After another dramatic rise in COVID-19 cases in the West Valley and state, Gov. Doug Ducey ordered restaurants to reduce capacity to less than 50% and emphasized more tests were coming.
The restaurant order puzzled some who were already reducing capacity.
Restaurants like Oregano’s in Glendale near Peoria say they have reduced seating with extra safety measures. “We are only seating select tables throughout the restaurant to ensure our guests maintain safe distancing at all times,” Oregano’s website states.

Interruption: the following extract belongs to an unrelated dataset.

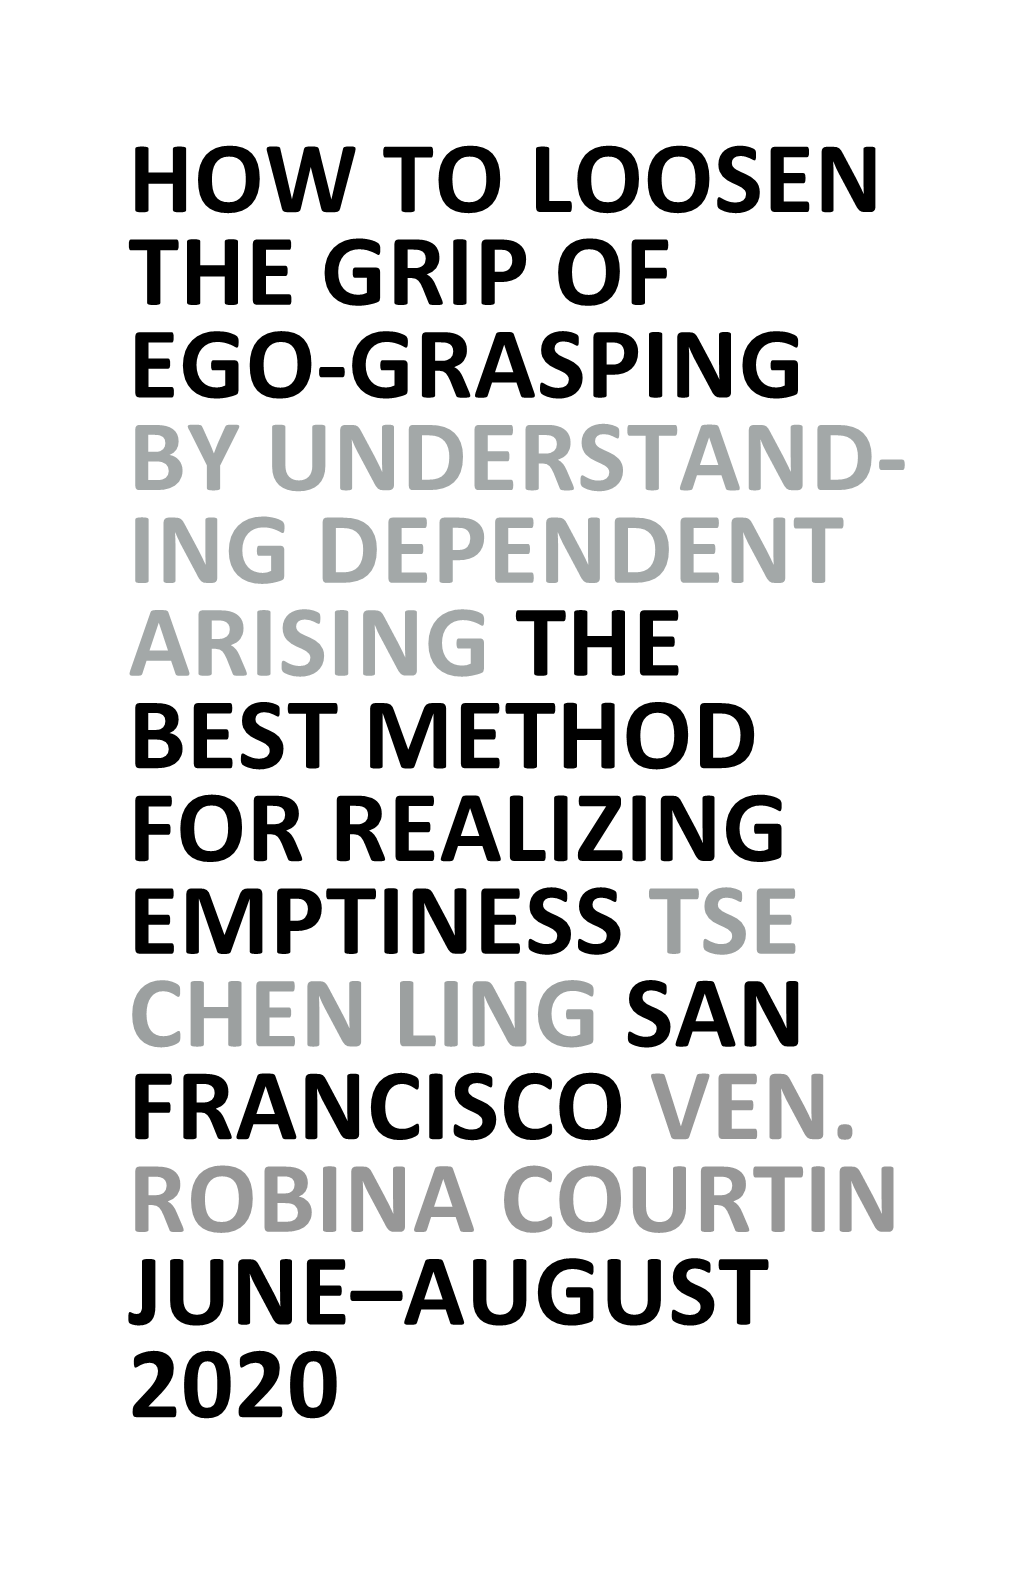 How to Loosen the Grip of Ego-Grasping by Understand- Ing Dependent Arising the Best Method for Realizing Emptiness Tse Chen Ling San Francisco Ven

“With the social distancing we were pretty close to (50% capacity) anyways,” said Sam Billelo, owner of Goodyear restaurants Bella Luna and Sal’s Tuscan Grill.
Ducey promised “an exponential increase in tests and processing tests” at a press conference. He promoted Arizona State University’s first public saliva test for the virus. “It’s going to be a drive thru in the West Valley,” he said.
The ASU test launched at Ak-Chin Pavilion, in Maryvale just south of Glendale — two of the hardest-hit areas, according to the state’s “COVID-19 Cases by ZIP Code” tool.
That tool showed 1,871 cases in Glendale 85301 July 14, with 2,233 cases in neighboring West Phoenix 85033.
Maryvale 85035 had 2,045 COVID-19 cases July 14.
Litchfield Park 85340 had 483 positive cases with 586 cases in neighboring 85395.
Glendale 85303 went over 1,000 cases, with 1,094. Peoria-Sun City 85345 had 1,241 cases with 443 in Peoria 85381 and 613 cases in Peoria 85382.
Positive test results around the West Valley may increase dramatically this week, with Ducey’s emphasis on expanding testing — including the new saliva test that is billed as less intrusive than the nasal swabs.
“We are excited to partner with Arizona State University to launch this new testing program that will increase our capacity to test more people for COVID-19,” said Dr. Cara Christ, ADHS director.
“It is the university’s commitment to be of service to the citizens of the state of Arizona in any way we can as we all work together to deal with the impact of the COVID-19 pandemic,” said ASU President Michael M. Crow.
The ASU saliva test debuted a day after Phoenix Mayor Kate Gallego called for more testing in Maryvale and West Phoenix.
Interviewed on MSNBC, Gallego said Abrazo Health requested refrigerated trucks to be used as emergency morgues.
“It is very scary out here,” Gallego said. “The Abrazo health care system has run out of morgue beds.”
Abrazo has hospitals around the Valley, including Abrazo West in Goodyear and Abrazo Arrowhead in Glendale/Peoria.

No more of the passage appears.